Именно в это утро девочка осознала, что рано или поздно мать действительно умрет. Она поняла, что все происходящее сейчас – вот эта болезнь, и жар, и хрип – есть репетиция будущего, и, значит, каждый ее сегодняшний поступок в будущем обречен на повторение. У замерзшей девочки возникло странное чувство, будто она отражается в каком-то страшно далеком и страшно восприимчивом зеркале, причем любой ее непроизвольный жест вызывает в нем не только ответ расплывчатой женской фигуры, но и волнообразные перемены во всей обстановке, тогда как в обычном зеркале предметы, если их не трогать в действительности, остаются полностью неподвижны. Двойная цена, почти магическая сила каждого шага делали девочку скованной, неловкой, а в один момент на нее накатило чувство собственной мощи, и она, чтобы ничего не повредить, крепко зажала ладони под мышками.

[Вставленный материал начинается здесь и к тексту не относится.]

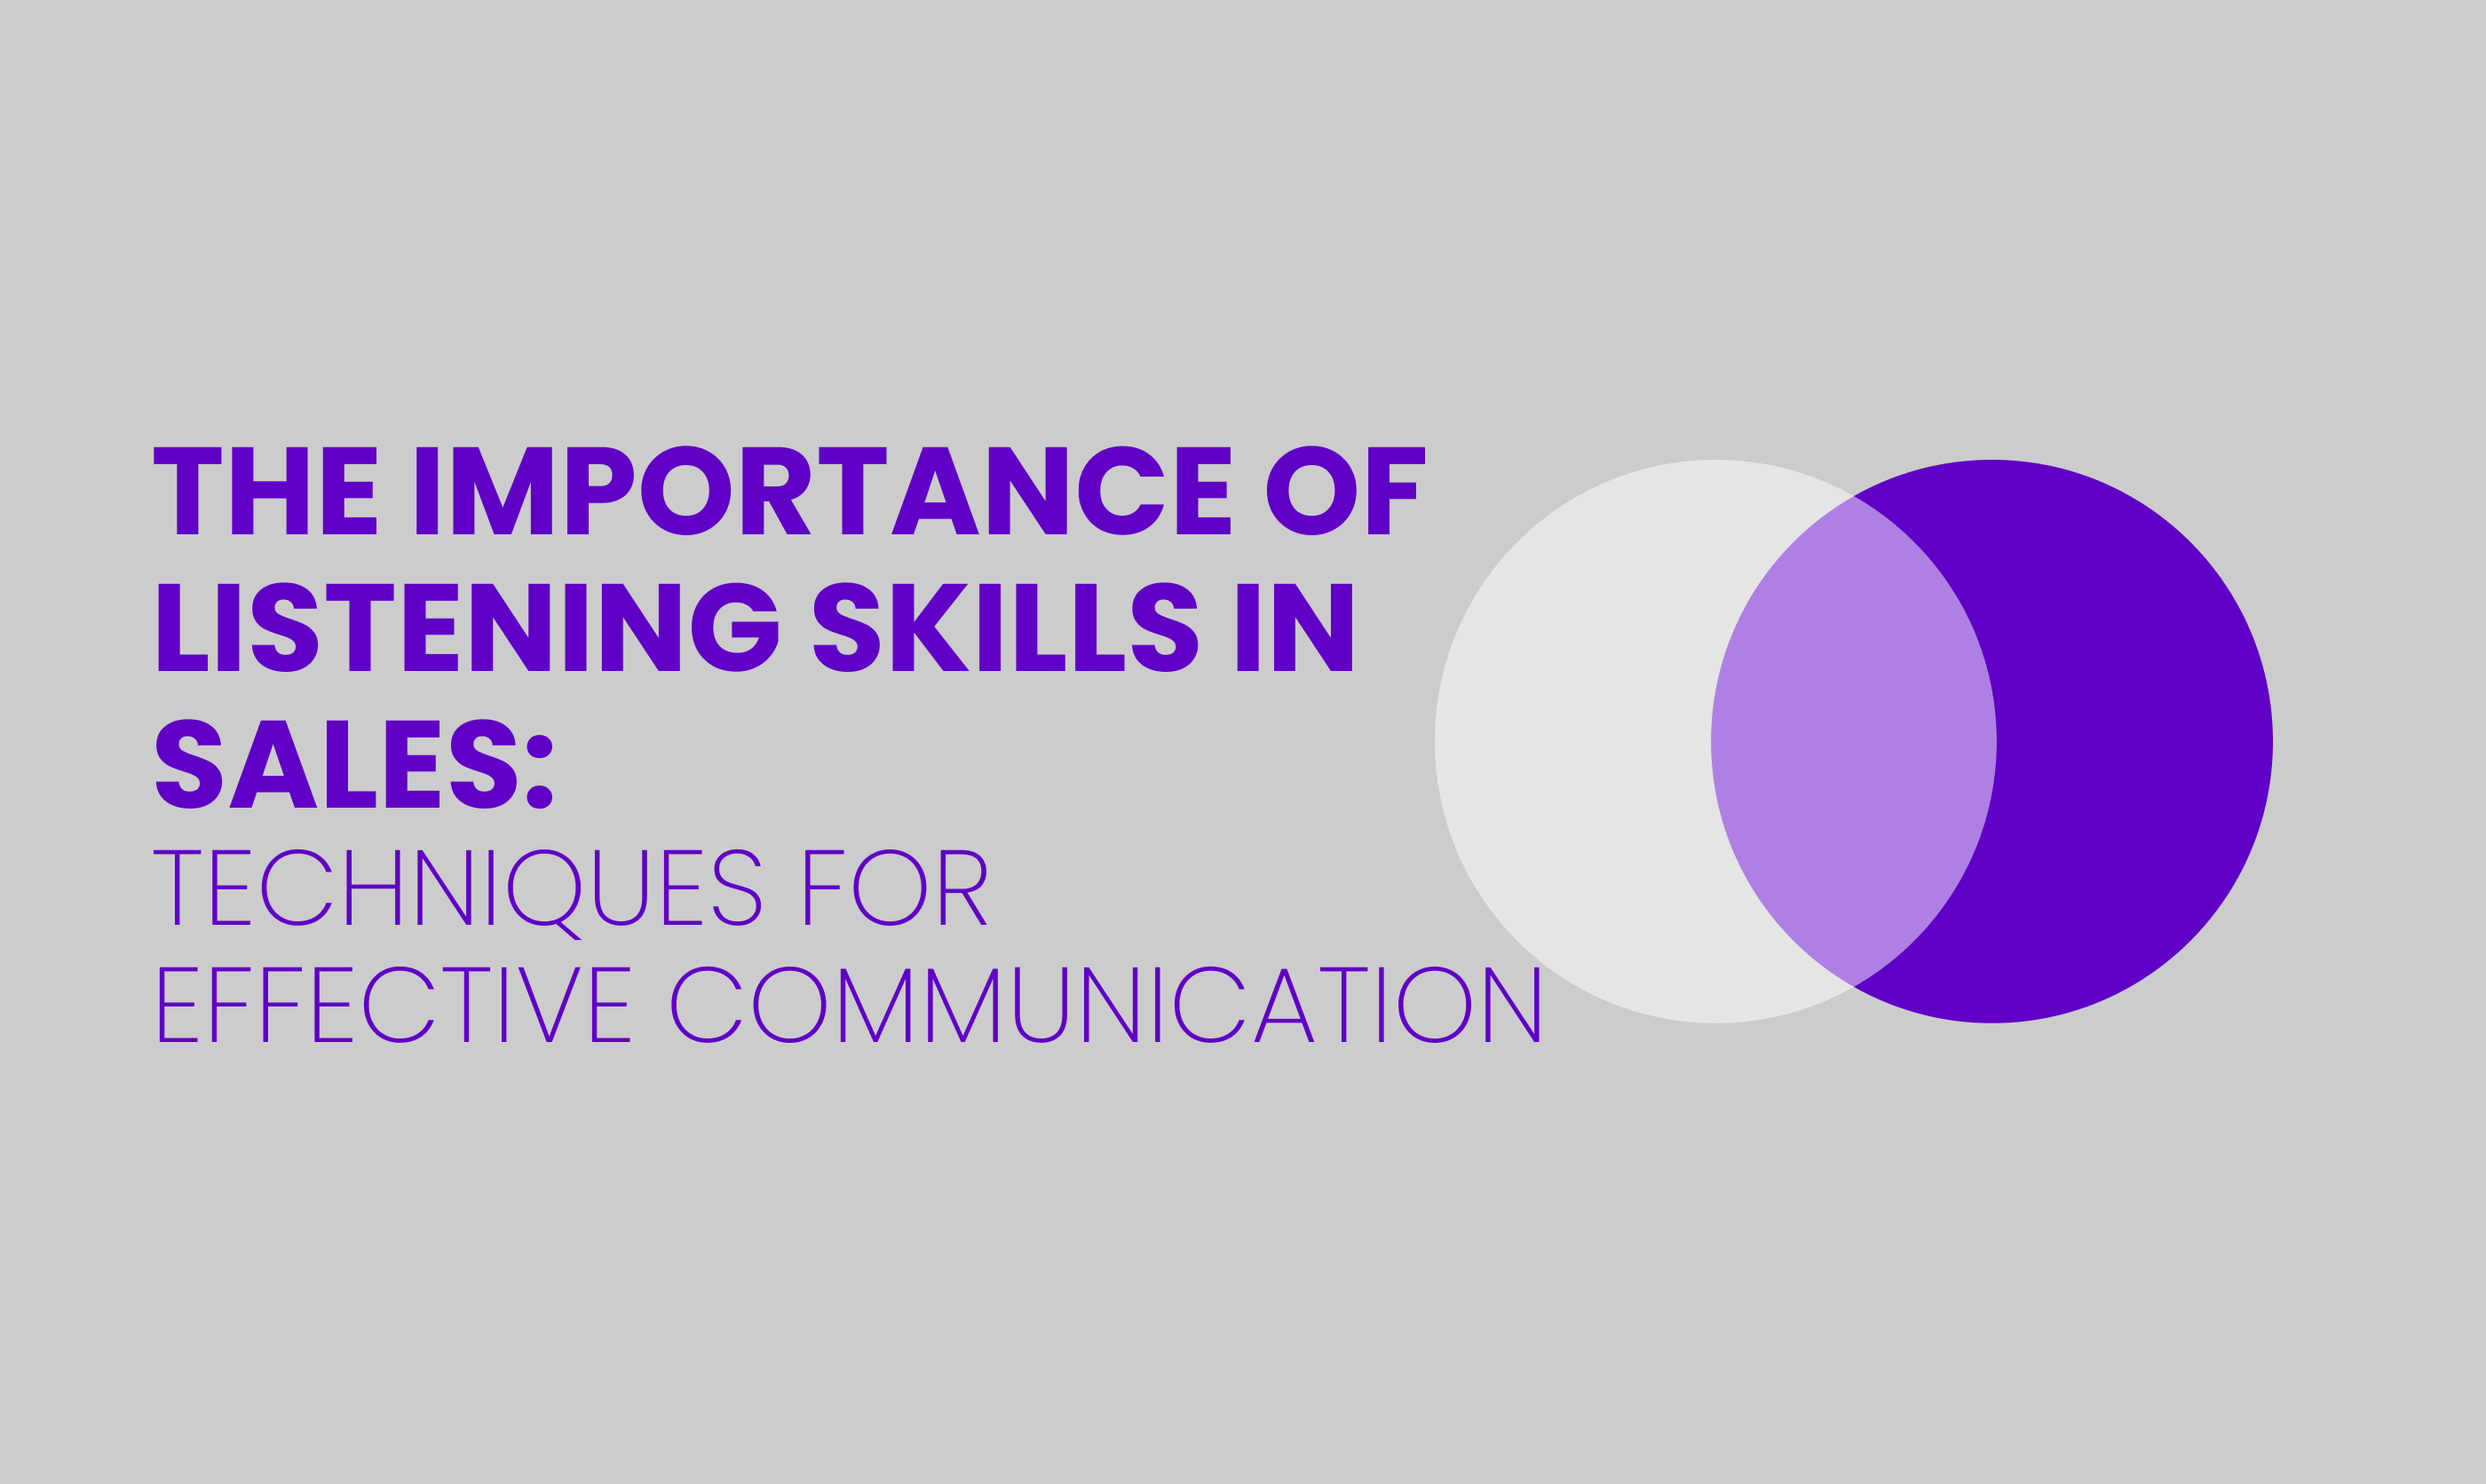 THE IMPORTANCE OF LISTENING SKILLS IN SALES:  TECHNIQUES FOR  EFFECTIVE COMMUNICATION

Наконец она все-таки столкнула со стола железную тарелку из-под хлеба: ее вихлястая пляска перешла в громовую дрожь и внезапно оборвалась. От железного хлябанья мать приоткрыла бессмысленные глаза и попросила принести таблетку аспирина. Лекарства хранились в старой коробке из-под обуви с одним оторвавшимся бортом, сверху заваленной останками поломанных очков. Сколько девочка ни рылась в целлофановых таблеточных упаковках, иногда стянутых резинками в пачки, иногда разодранных в шелуху – нигде не нашла даже обрывка слова «аспирин». На дне коробки, засыпанном белесой пылью и травяной лекарственной трухой, болталось множество таблеток россыпью: иные пожелтели и стали как костяные, иные мягко мазались на пальцы; между ними попадались лаковые пилюльки, побитые, но шустрые. Безымянные, они были так же опасны, как и неизвестные болезни, соответствующие им и представленные ими, подобно тому как изношенное платье бывает представлено сохранившимися пуговицами. Нервно всхлипнув, девочка выбрала между ними одну, поцелее и покрепче. Ей почудилось, что она сумеет обмануть неизбежное будущее, если притворится, будто отыскала нужное лекарство и вылечила мать.

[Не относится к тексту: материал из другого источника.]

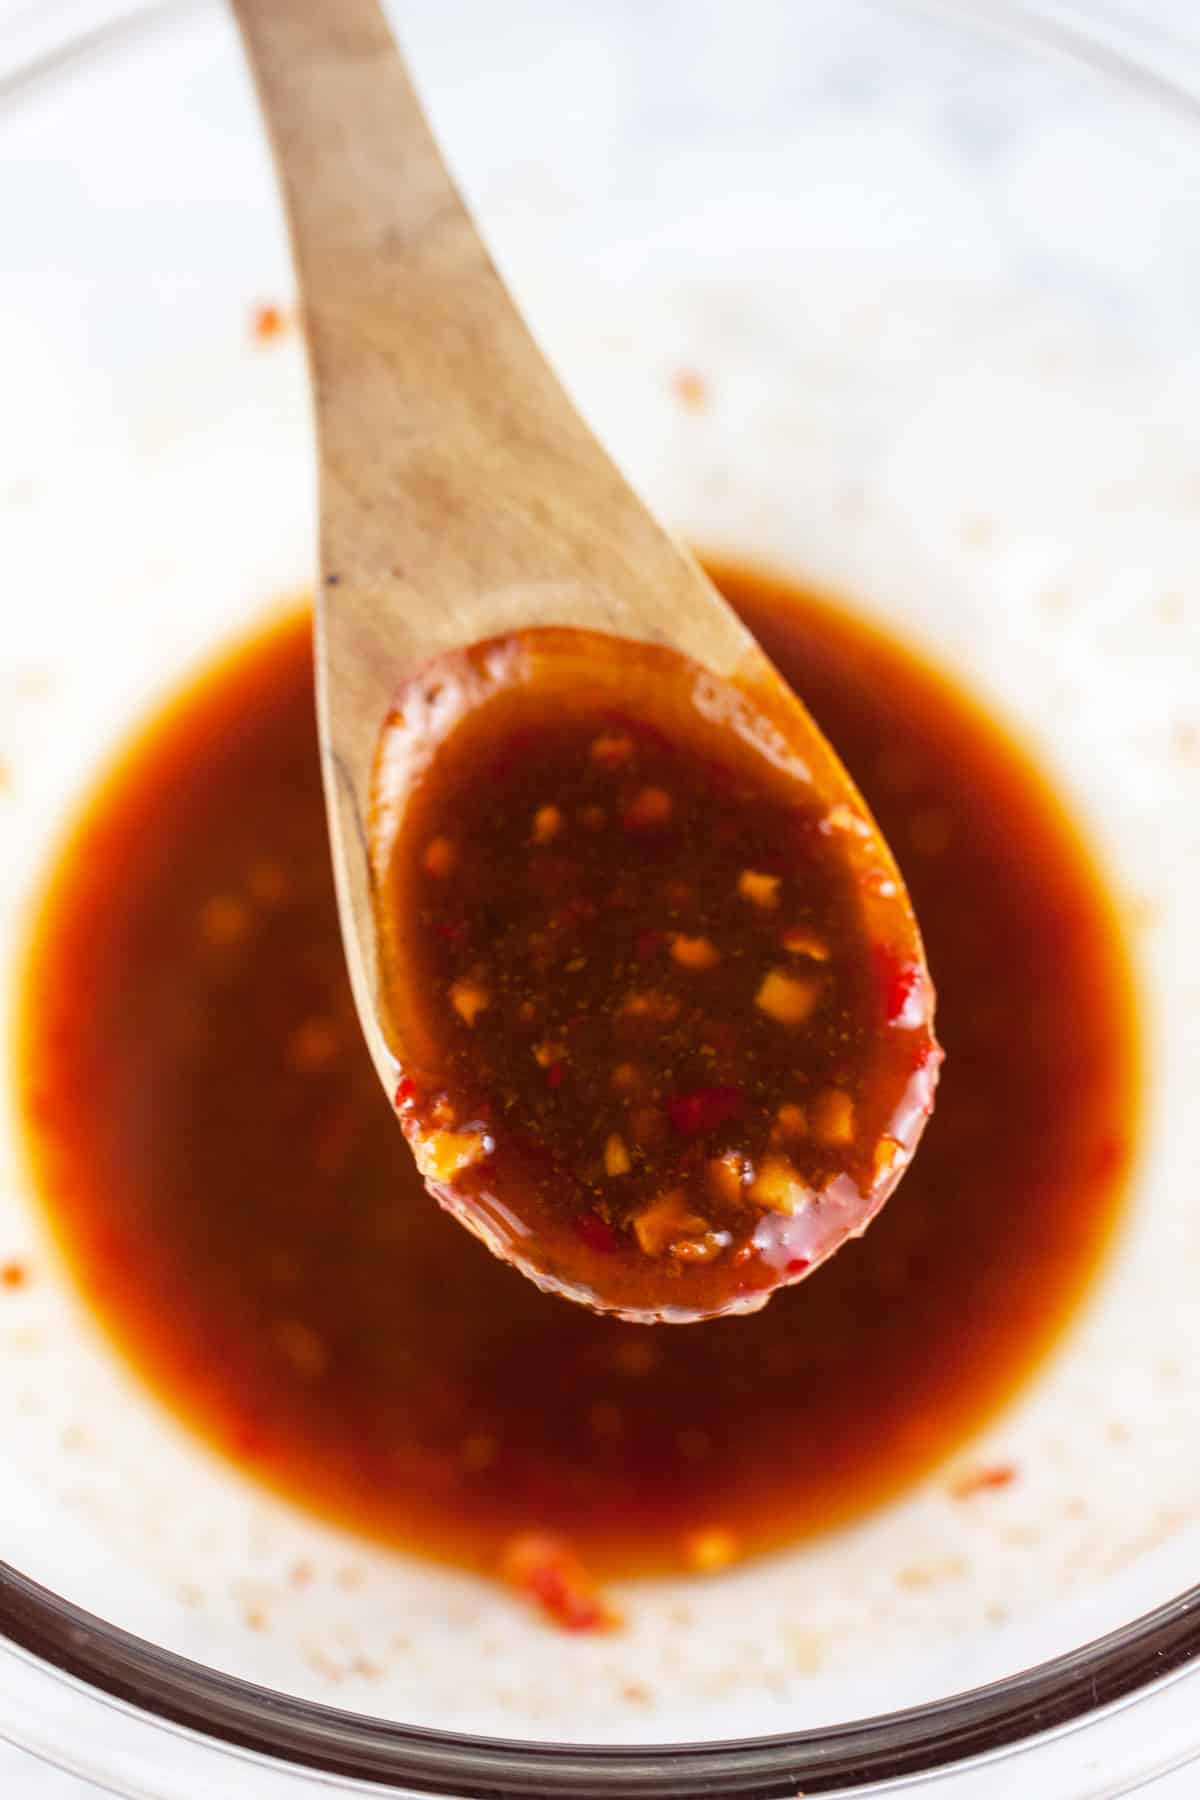 Sweet and spicy Asian sauce lifted from small glass bowl on wooden spoon.

На кухне девочка плюхнула из графина в захлебнувшийся стакан целую бульбу воды, облив себе руку и клеенку со вчерашними крошками! Внезапно ей показалось, что она действительно одна в квартире. Хрипел и жидко проливался в раковину слабенький кран, стучало на пол с толстой трубы, покрытой каплями воды и отверделой масляной краски; мутно и толсто, будто смерзшиеся в лед, зеленели на подоконнике молочные бутылки. Все вокруг сделалось чужое, ничего нельзя было трогать без хозяйки, чье отсутствие ощущалось гораздо сильнее, чем когда она уходила в вечернюю школу или в магазин. В эту минуту девочка впервые догадалась, что со временем должна покинуть этот дом,– и когда через двадцать четыре года, обнаружив и оставив потерявшуюся мать в областной онкологии, Катерина Ивановна, как была в пальто и резиновых сапогах с налипшими листьями, прошла зачем-то на кухню, она сразу узнала свое детское ощущение. На кухне капало, капало – со звоном в раковину, тупо в пол,– казалось, это уличный дождь проникает сквозь верхние этажи и заливает брошенную квартиру. Казалось, равномерный холодный дождь образовался в воздухе из давнего снега и размочил его побитые остатки в мелкие извилистые лужицы; время повернуло вспять. Лежалая осень снова развесилась по деревьям больничного городка, где мама махала Катерине Ивановне из окна своей палаты, и было такое чувство, будто ее четвертый корпус – это поезд, который вот-вот отойдет от перрона, и хотелось, чтобы скорее истекли томительные минуты прощания. Вернувшись в опустелую квартиру, Катерина Ивановна сидела праздно, будто маленькая девочка, пока Маргарита тихонько шуршала в комнате, собирая ее к себе. Дом из целой коробки вдруг превратился во что-то сквозное, в лежащую на улице груду кое-как составленных перекрытий с забытыми вещами внутри, а земля вокруг сделалась твердая и ничего не принимала на переработку, далее вода держалась в лужах будто в глиняной посуде. Катерина Ивановна подумала, что теперь все умершее и испорченное будет оставаться на поверхности и складываться в горы, угловатые и словно бы костлявые,– и тут же вспомнила, что эта мысль уже приходила в детстве, когда она впервые испугалась маминых похорон.